Vertical Rectus Abdominis Myocutaneous (VRAM) Flap and Extended VRAM Flap
Box 32C-7 Master Surgeon’s Corner
VRAM flap size and orientation can be tailored to the patient’s anatomy and reconstructive needs.
Viability of the ipsilateral inferior epigastric artery must be confirmed.
The VRAM flap should be harvested early in the reconstructive phase to facilitate planning of additional reconstructive procedures (urinary and bowel diversions).
A fascial substitute may be required to ensure a tension-free closure of the donor site.
Due to its reliability, single donor site with incorporation into the primary incision with minimal donor site morbidity, 360-degree arc of rotation, no requirement for postoperative dilation, and technical ease, the rectus abdominis myocutaneous flap is the preferred flap for neovaginal recreation. Tobin and Day first described the use of distally based rectus flaps for vulvar and vaginal reconstruction with several modifications described by others.9,31,42 It is a paralyzed, nonsensate flap due to motor and sensory denervation that occurs during harvesting. As a type III flap, the blood supply is reliable with 2 dominant arteries and other smaller musculocutaneous perforators. The dominant blood supply for the proximal and distal rectus flap is derived from the superior and inferior epigastric vessels, respectively. The inferior epigastric artery is a branch of the external iliac artery, whereas the superior epigastric artery is derived from the internal thoracic artery, a branch of the subclavian artery.

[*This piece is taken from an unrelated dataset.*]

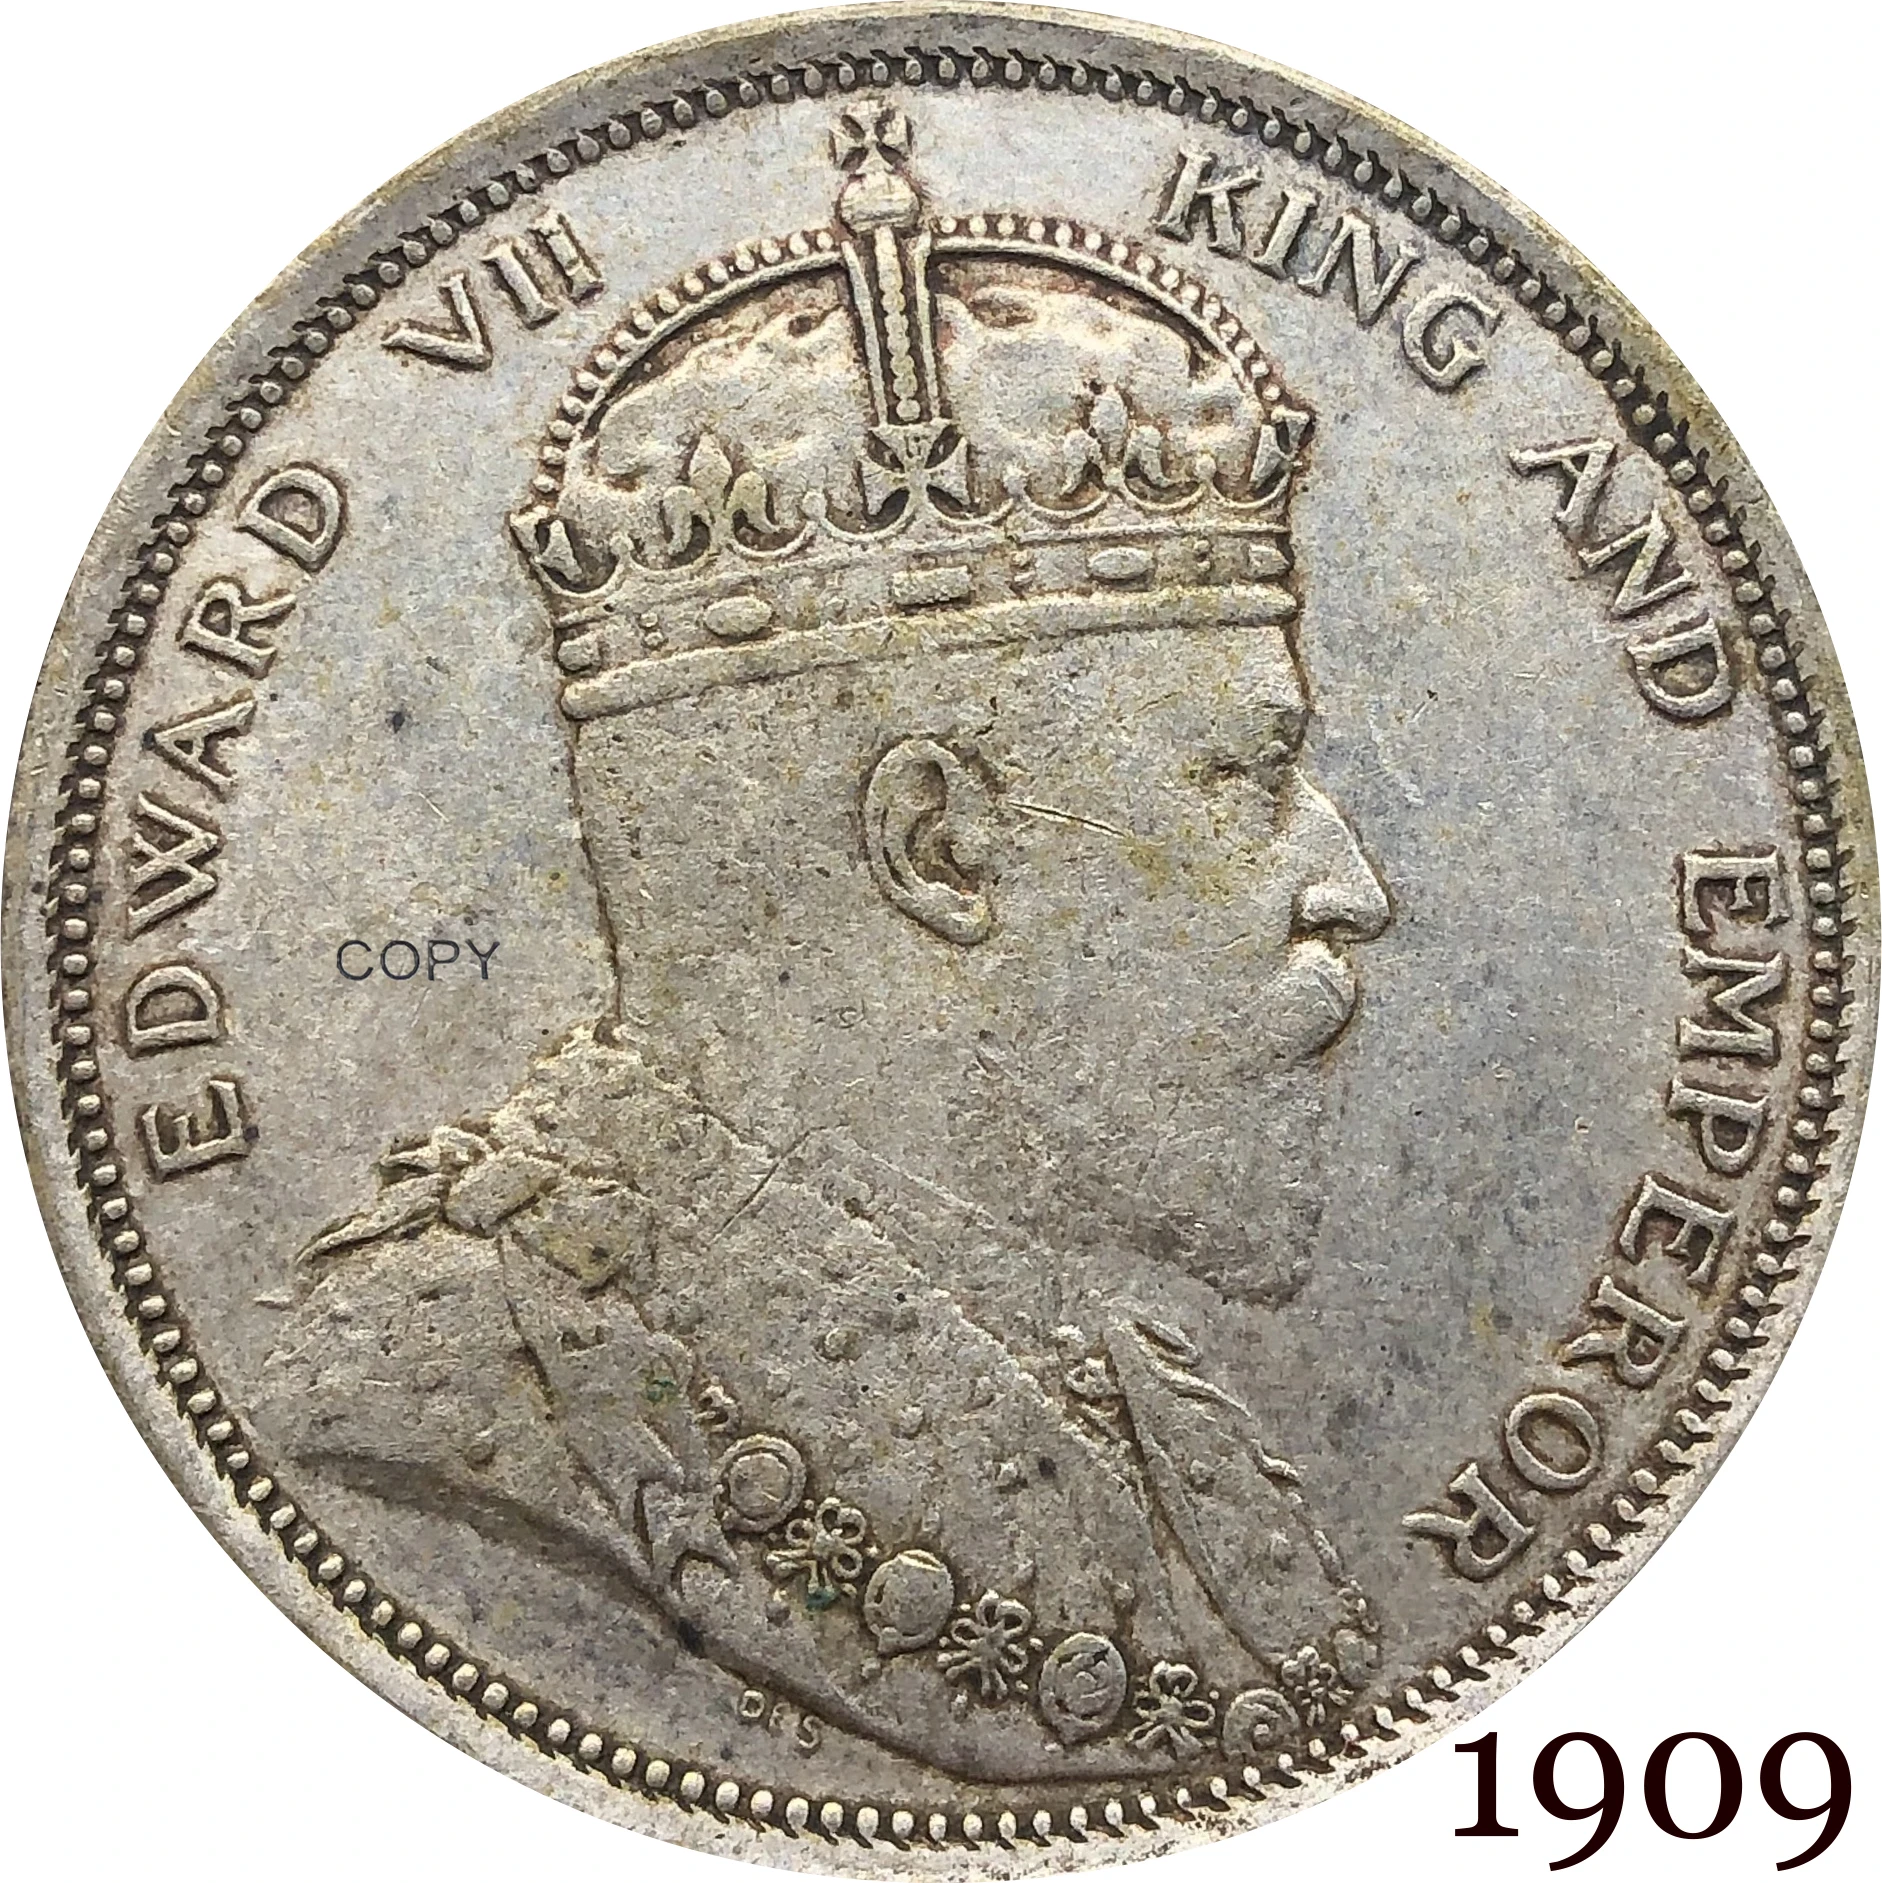 Малайзия 1909 1 доллар Эдвард VII король император кандареенс копия серебра монета

The rectus abdominis flap can be raised in a vertical, transverse, or diagonal fashion for complete vaginal reconstruction (type IIA or IIB defects), partial vaginal reconstruction (type IA or IB defects), or other inguinal or perineal defects. It is distally based and requires patent inferior epigastric vessels. Although raising a transverse rectus abdominis myocutaneous flap is suitable, this flap requires harvesting the skin island perpendicular to the previously made vertical midline skin incision. The diagonally extended vertical rectus abdominis myocutaneous (VRAM) flap (also known as the oblique rectus abdominis musculocutaneous [ORAM] flap) has the advantage of a longer skin island due to anastomoses between the epigastric perforators and the superficial intercostal arteries, which also communicate with the superficial epigastric artery and the cutaneous branches of the lateral deep and superficial circumflex iliac arteries. Based on our experience, the anticipated maximum width and length of the diagonally extended VRAM (ORAM) are 10 to 15 cm and 10 cm, respectively. We prefer the ORAM flap for neovaginal reconstruction due to its width, versatility, and ease of flap inset compared to the conventional VRAM.
We recommend harvesting the rectus flap as the first step of the reconstructive phase. After the flap is raised and rotated into the pelvis, the first surgical team can continue with other abdominal procedures, such as the ileal conduit formation and colostomy while the second surgical team completes the perineal reconstruction. Elevating the rectus flap first allows for optimal stomal placement and reduces potential disruption of the conduit and colostomy. These flaps may be harvested from either side.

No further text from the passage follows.